Incorrect. Hiring/recruitment AI is explicitly named in EU AI Act Annex III as high-risk, requiring mandatory conformity assessment including adversarial testing.

9. The FTC's action against Rite Aid (December 2023) established which principle relevant to AI security?

Correct. The FTC framed Rite Aid's failure to test the system and implement human oversight as an unfair business practice — making AI security validation a regulatory enforcement matter.

Incorrect. The FTC penalized Rite Aid for deploying without adequate testing and human oversight — making pre-deployment AI security validation an enforcement issue, not merely a technical best practice.

10. Why does achieving SOC 2 Type II certification not adequately address AI security requirements?

Correct. SOC 2 was designed before AI-native threat classes existed. It has no controls or evaluation criteria for prompt injection, adversarial examples, model extraction, or training data poisoning.

Incorrect. The gap is substantive: SOC 2 controls were designed for traditional IT security and have no criteria for evaluating AI-specific attack vectors.

11. In the MAESTRO framework, cross-namespace leakage in a RAG vector database falls under which layer?

Correct. The Embedding Layer covers vector stores and RAG systems. Cross-namespace leakage — where a query retrieves documents from an unauthorized namespace — is an Embedding Layer threat.

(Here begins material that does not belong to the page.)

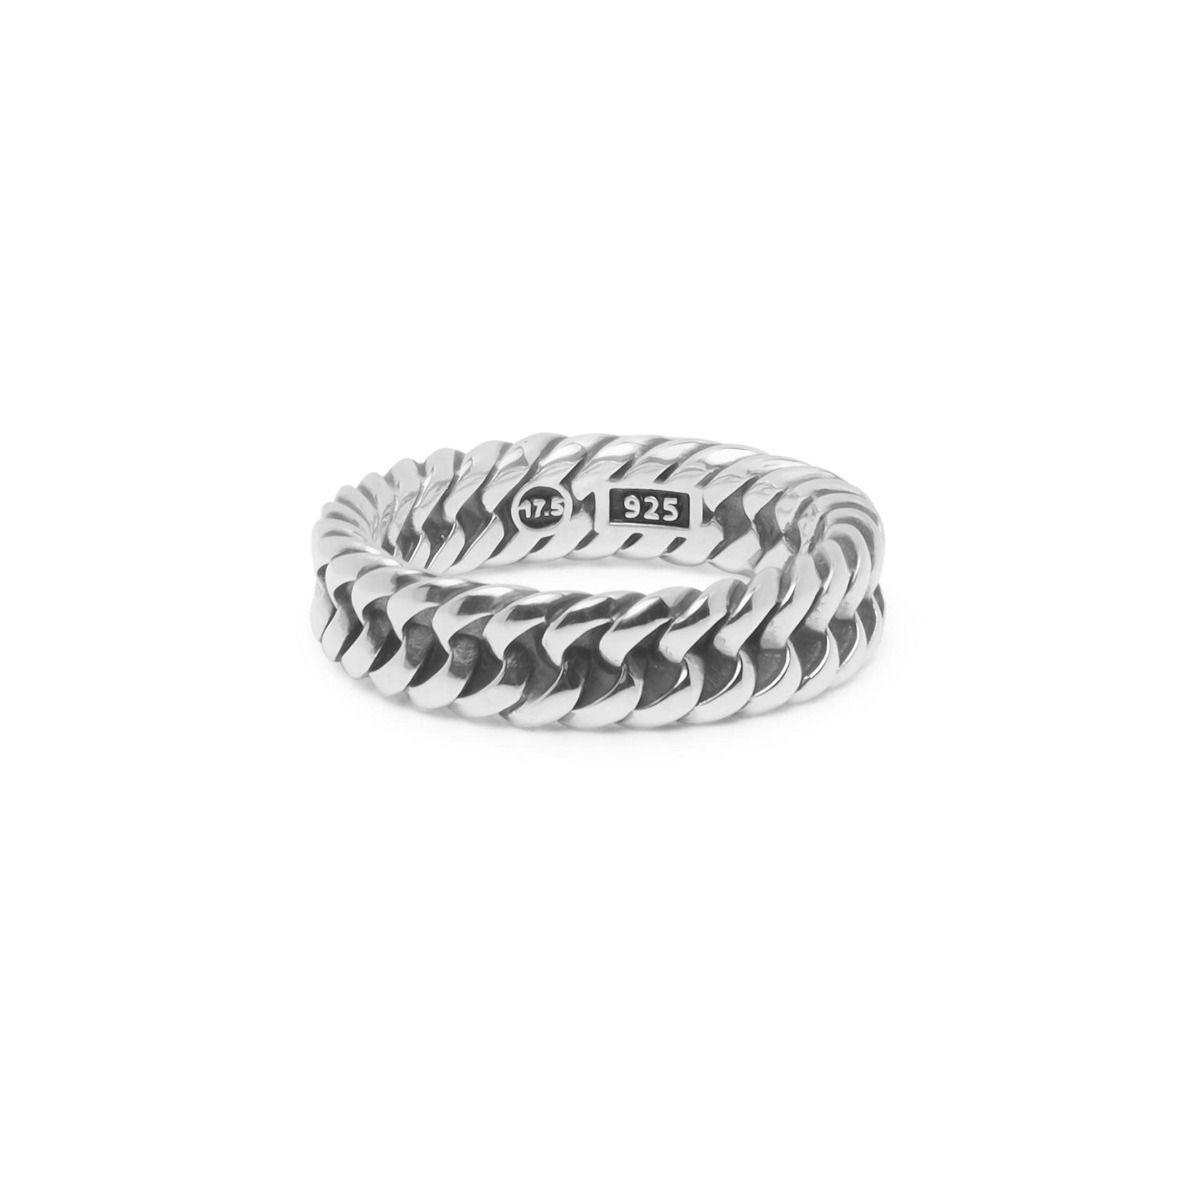 Buddha to Buddha - 614 - Chain XS Ring Silver - Brunott Juwelier

Incorrect. Vector database security, including namespace isolation and cross-namespace leakage, is addressed in the Embedding (E) Layer of MAESTRO.

12. A backdoored pretrained model downloaded from a third-party hub is a threat in which MAESTRO layer?

Correct. Third-party model integrity — including the risk of backdoored pretrained models from external hubs — is a Supply Chain Layer threat in MAESTRO.

Incorrect. Risks from third-party model sources, plugins, and datasets are Supply Chain (S) Layer threats in MAESTRO.

13. The Air Canada chatbot hallucination case illustrates which MAESTRO layer threat?

Correct. The Air Canada case is an Output Layer threat — model-generated content was consumed by a customer and enforced by a court, creating financial liability from unvalidated output.

Incorrect. Air Canada illustrates the Output Layer threat of hallucination-as-liability — where downstream consumption of a model's fabricated response created legal and financial consequences.

14. What is MITRE ATLAS and how does it relate to traditional MITRE ATT&CK?

Correct. ATLAS applies ATT&CK's tactic/technique/procedure structure to AI-specific adversarial techniques, grounding AI threat models in documented real-world attack evidence.

Incorrect. MITRE ATLAS is the AI-specific extension of ATT&CK — same TTP structure, applied to documented adversarial attacks against ML systems. Available at atlas.mitre.org.

15. What are the four deliverables of a complete AI threat model as described in Lesson 4?

Correct. The four outputs are: asset register, adversary profile matrix, threat register with MAESTRO layer and ATLAS TTP references, and control mapping documenting mitigations, gaps, and residual risk.

Incorrect. The four deliverables of an AI threat model are: (1) asset register, (2) adversary profile matrix, (3) threat register with MAESTRO/ATLAS references, and (4) control mapping with residual risk assessment.